(Work order): In your copy of the listing below, reproduce each word exactly and include no pictures.

(Recorded information):
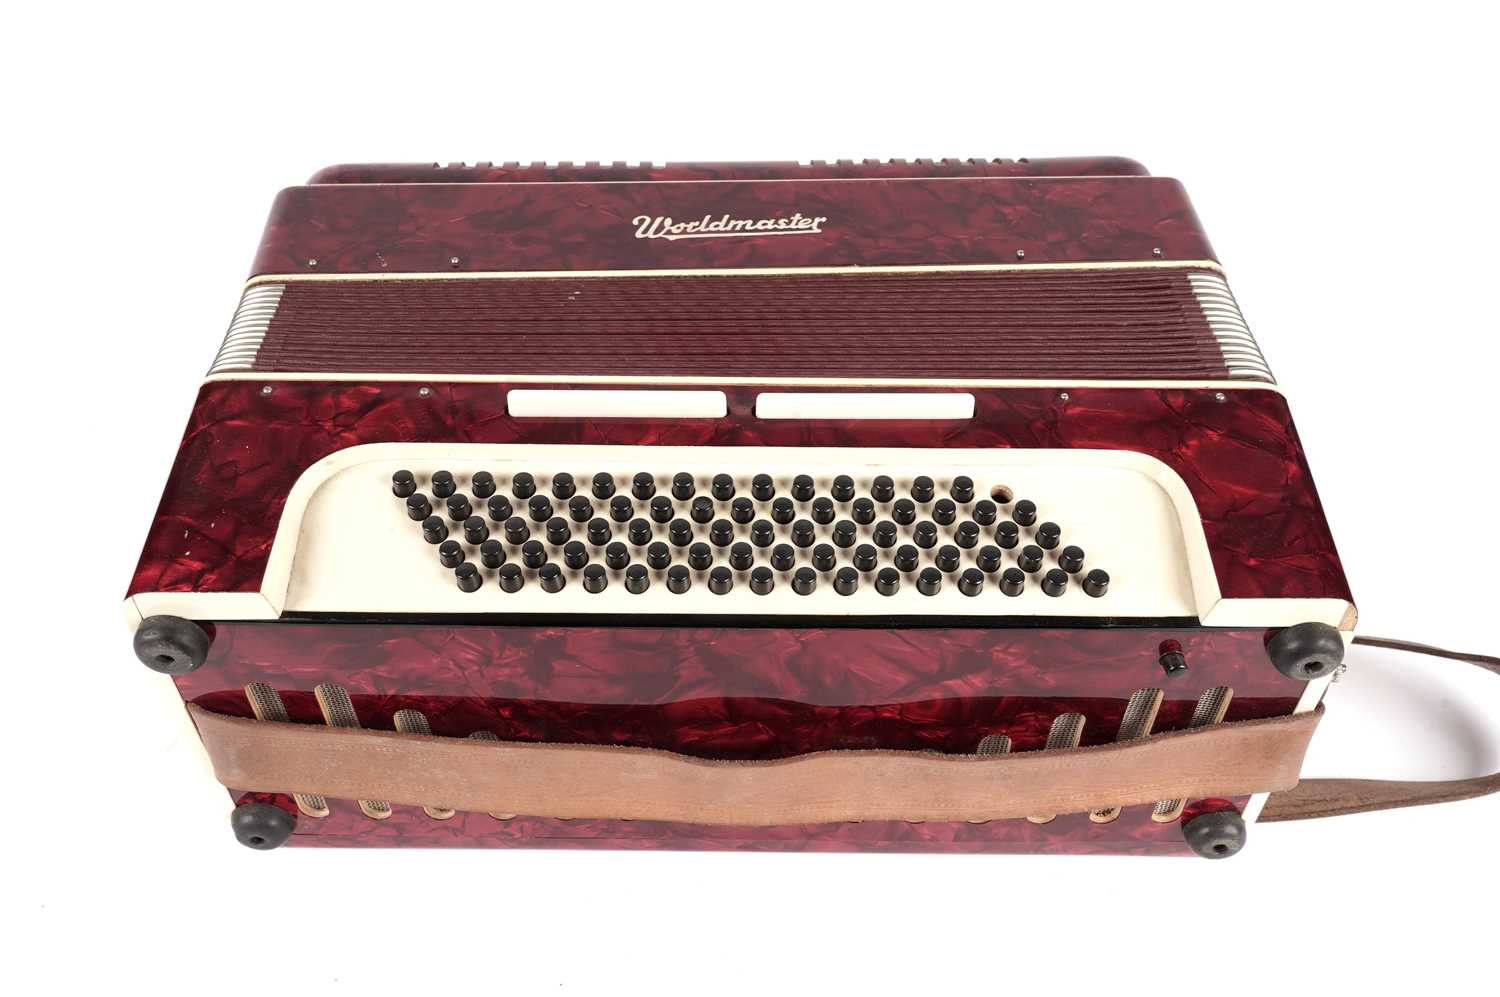 A WorldMaster accordion - Image 10 of 11
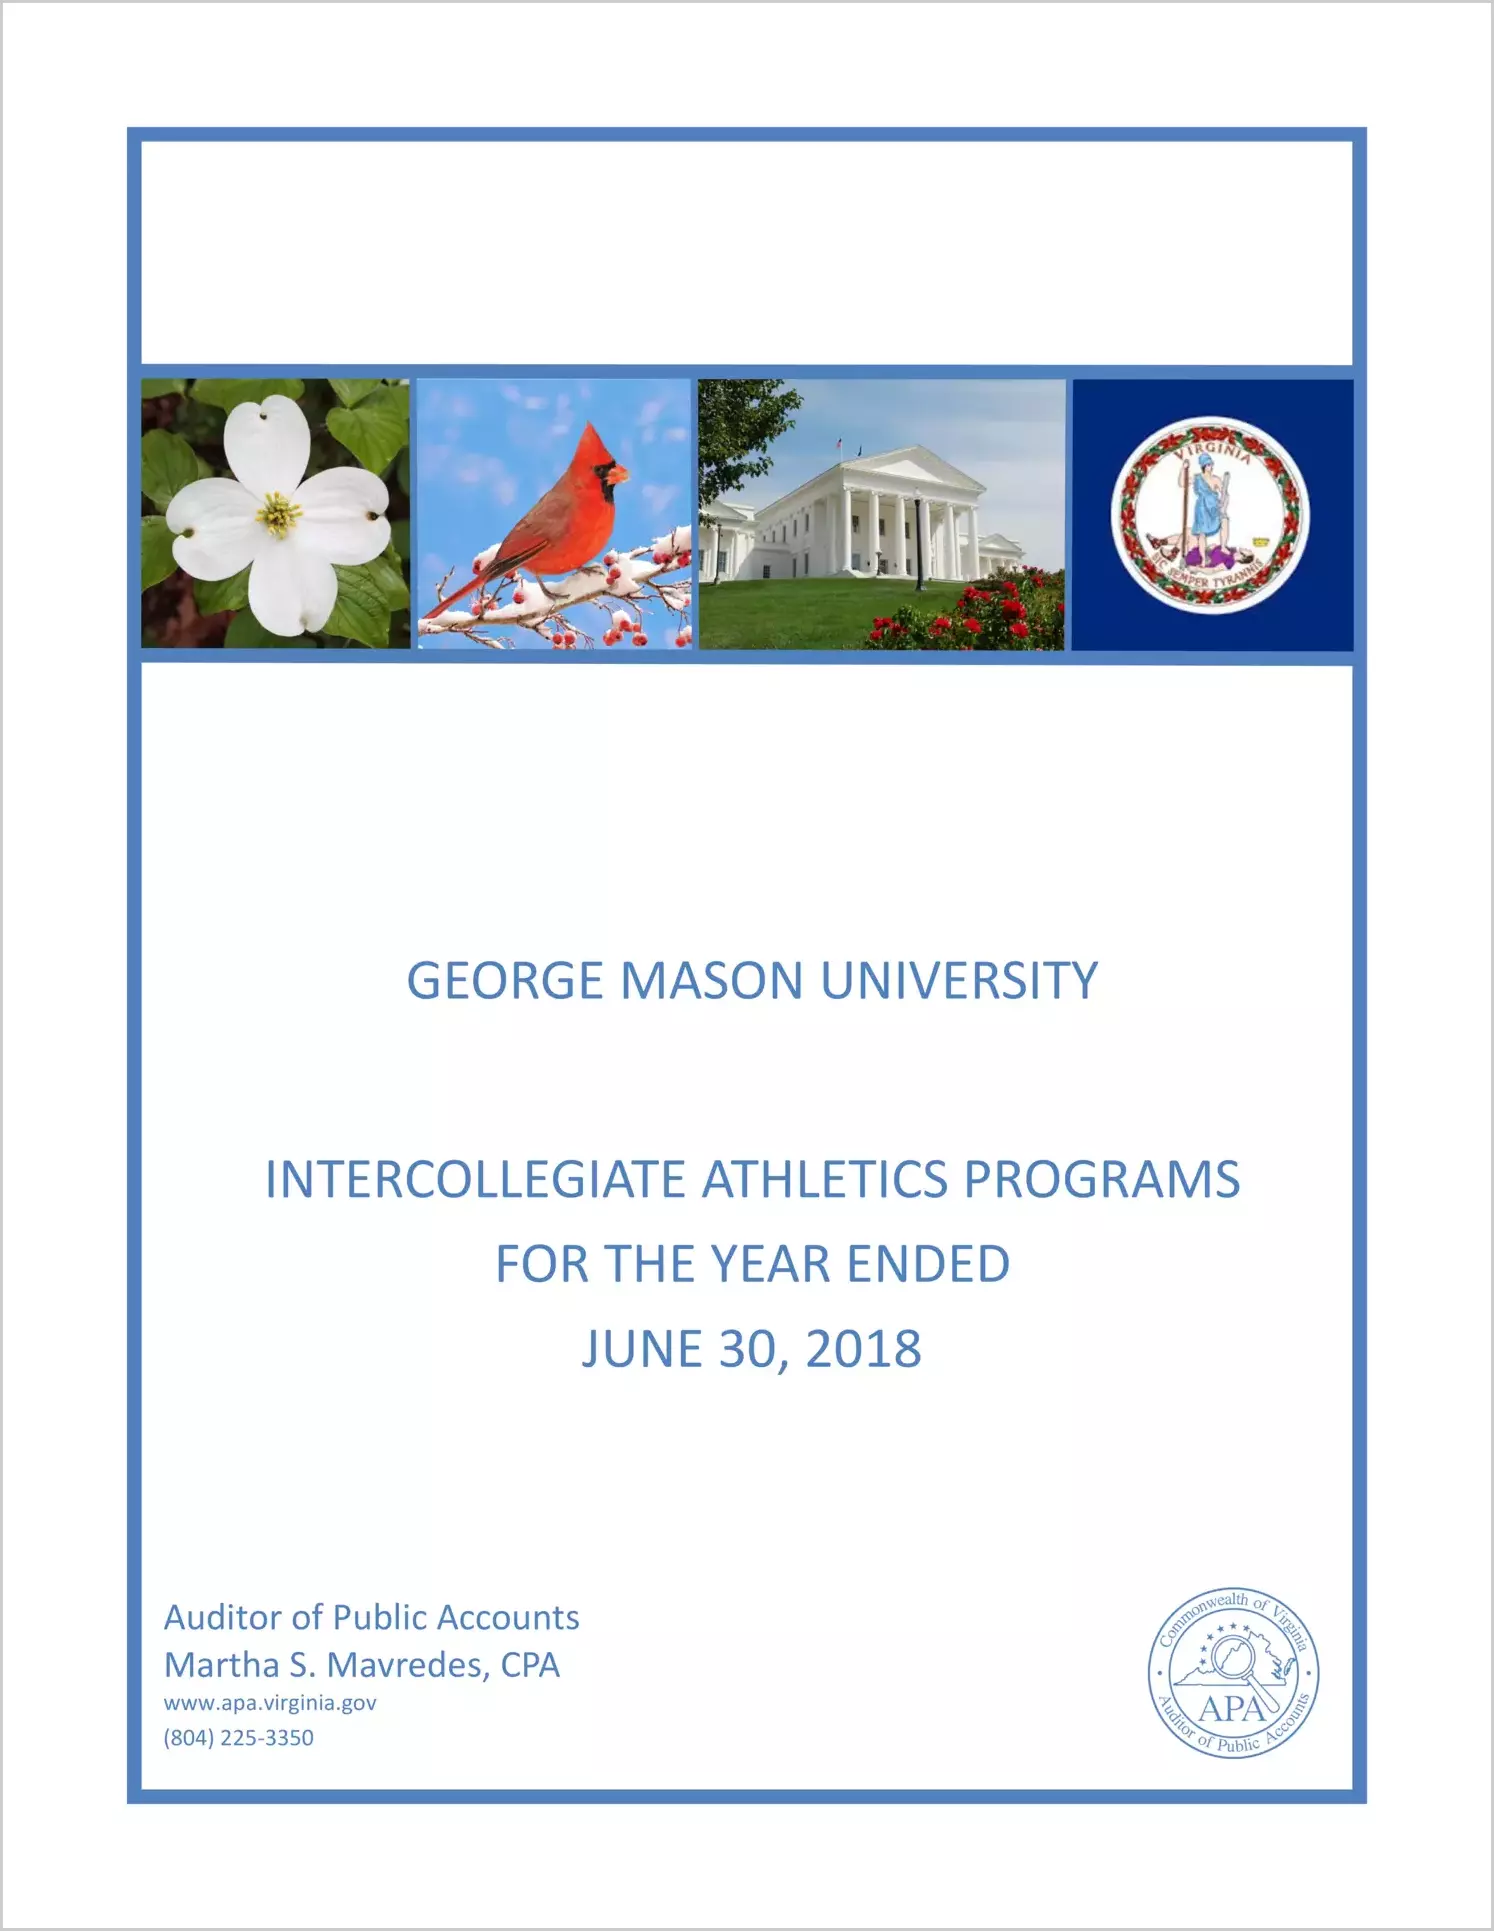 George Mason University Intercollegiate Athletics Programs for the year ended June 30, 2018
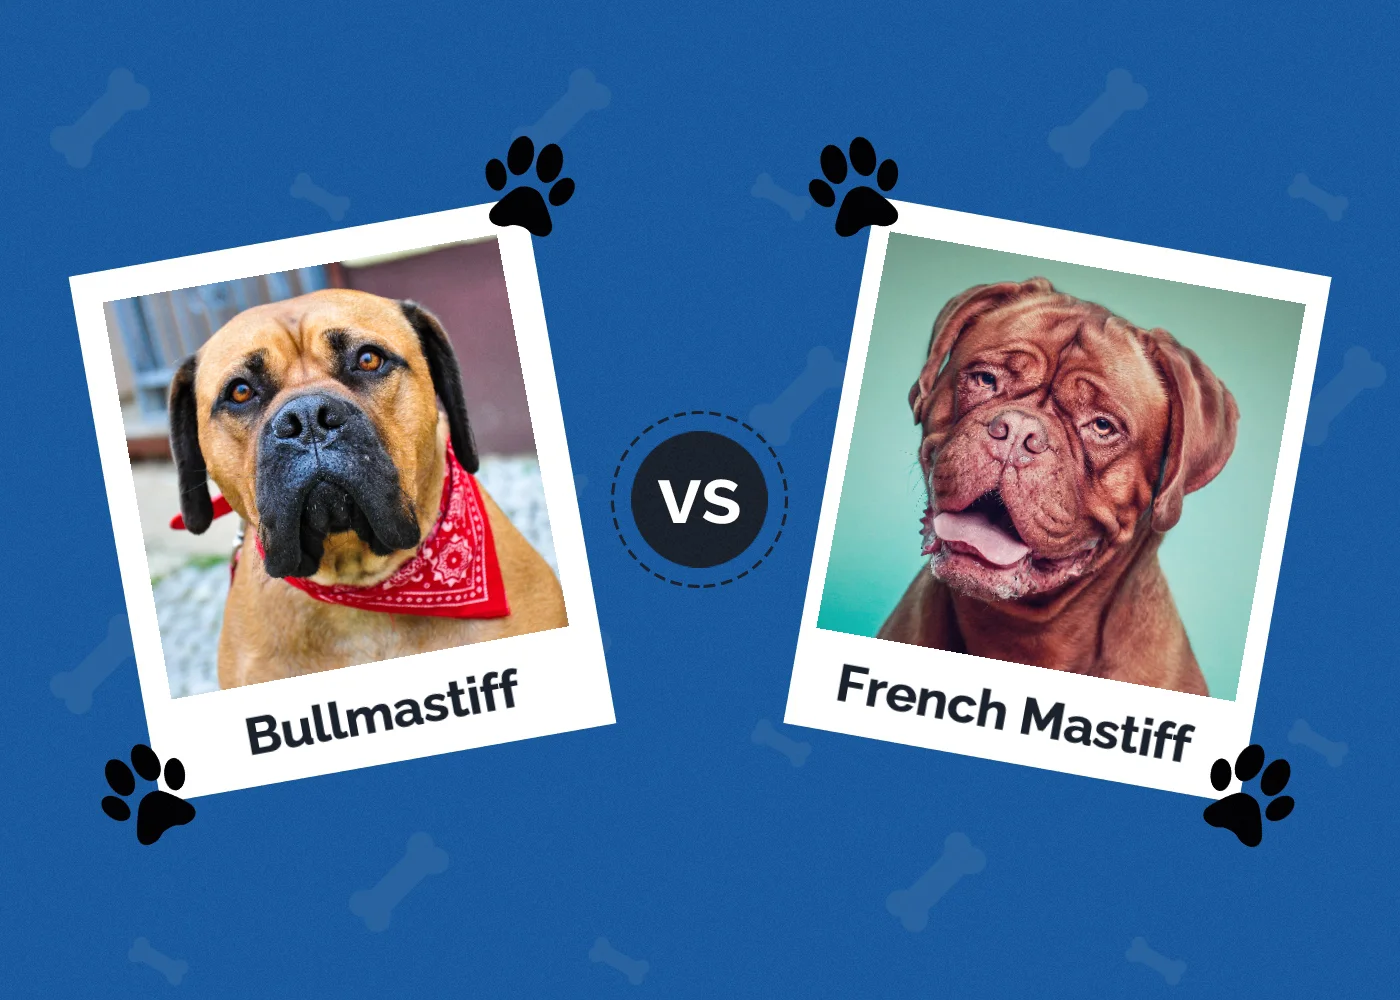 Bullmastiff vs French Mastiff - Featured Image

(Final answer):
 A WorldMaster accordion - Image 10 of 11
 George Mason University Intercollegiate Athletics Programs for the year ended June 30, 2018
 Bullmastiff vs French Mastiff - Featured Image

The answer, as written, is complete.